Annuities - To Be or Not To Be


Retirees are faced with an immediate problem of income replacement. The choices are an Annuity, Bond Ladder or Balanced Portfolio of Stocks and Bonds. Does Annuity make sense where it basically returns your money with a low level of guaranteed interest? The annuity company needs to make profit which comes out of ones return. Only the most risk averse retiree should buy annuities. Right or Wrong?


Academic analyses have shown that annuities do a better job than bonds, whether in a ladder or funds in a balanced portfolio of stocks and bonds, at both minimizing the change you run out of money and maximizing the legacy you can leave behind.
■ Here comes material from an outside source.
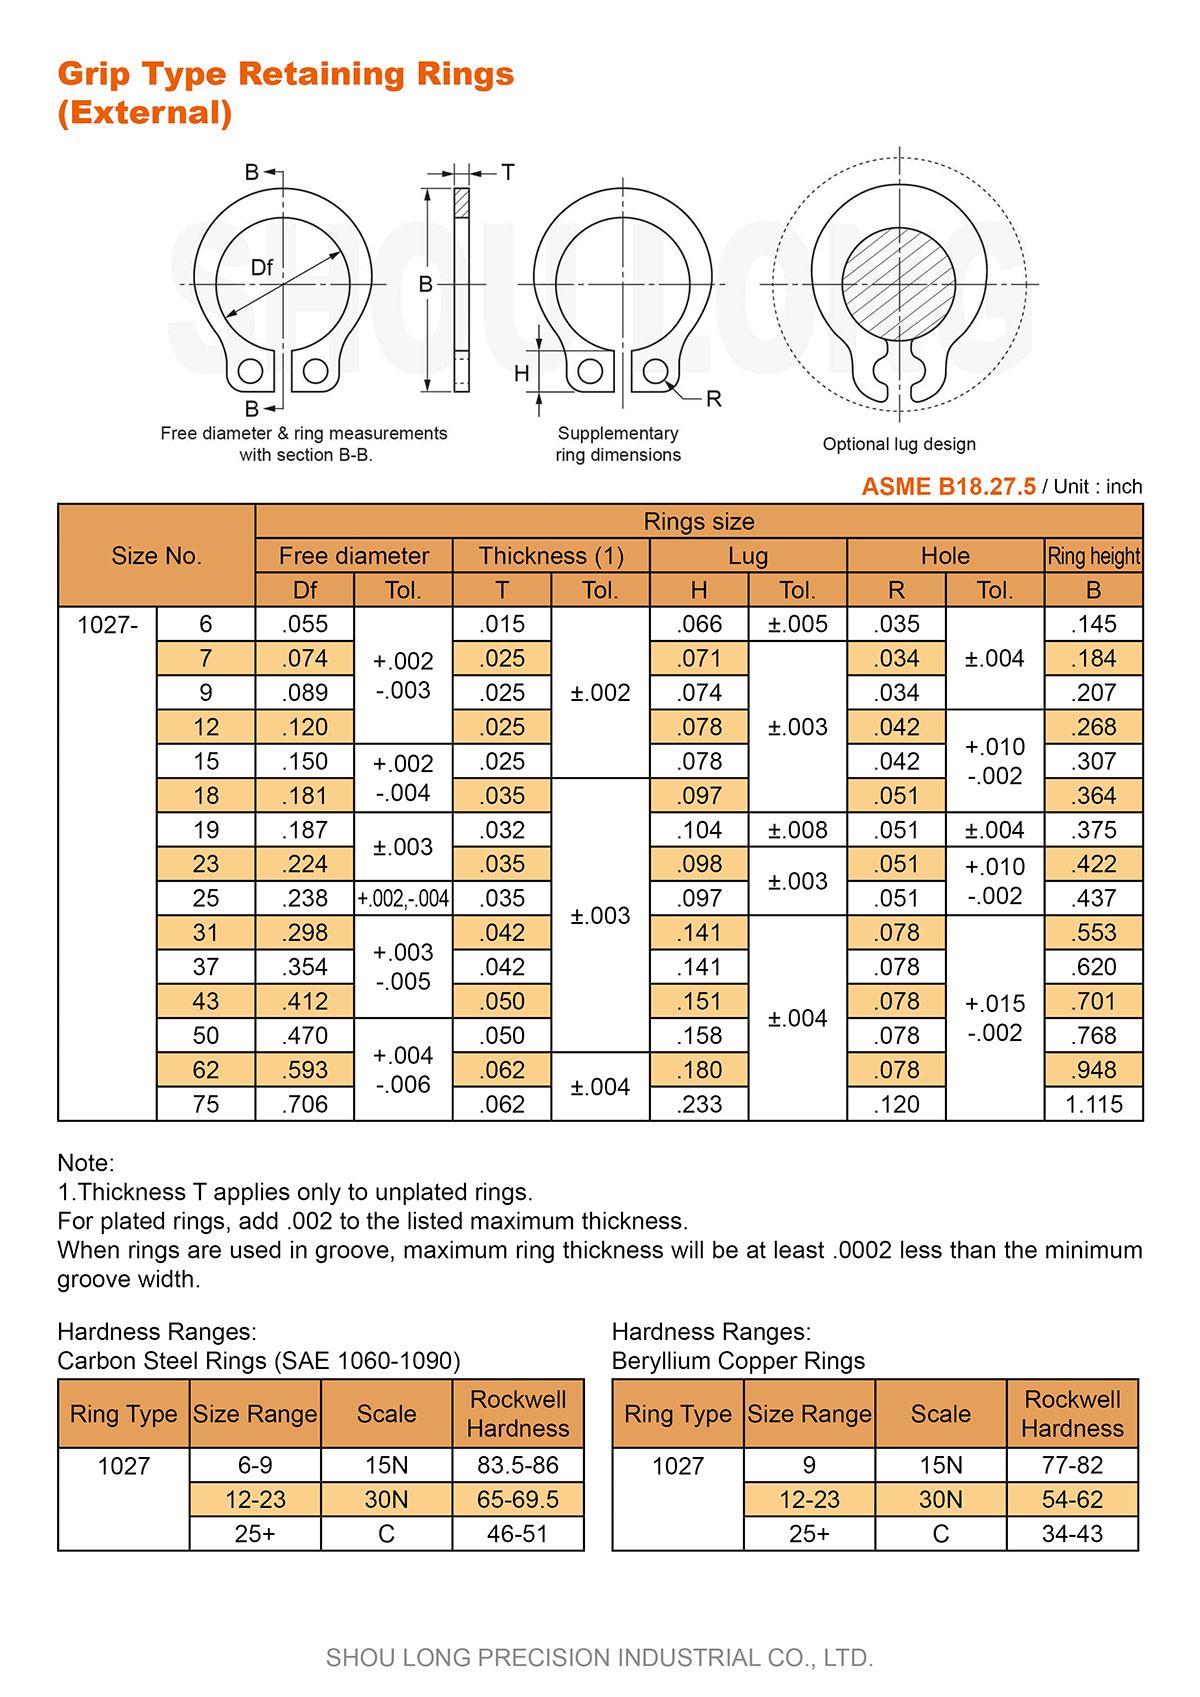 Specifiche degli anelli di trattenimento di tipo Grip Inch per albero ASME/ANSI B18.27.5

Here’s an article that discusses others’ work as well as our own.

What annuities do that bonds don’t is provide mortality credits (access to other people’s money if you live longer than them) and free up your principal. In a bond ladder, you have to lock away a lot of money to generate enough interest to live off of, whereas you can put less money into an annuity to get the same income as your principal is returned to you along with interest.

Yes, annuities are for the more risk averse out there since you’re paying insurance companies to take on market and longevity risk for you. Generally, if you’re someone comfortable with just stocks, I’d say annuities aren’t right for you. But if you’re invested in bonds and your goals are to minimize the risk of running out of money while maximizing your legacy, annuities do a better job than bonds.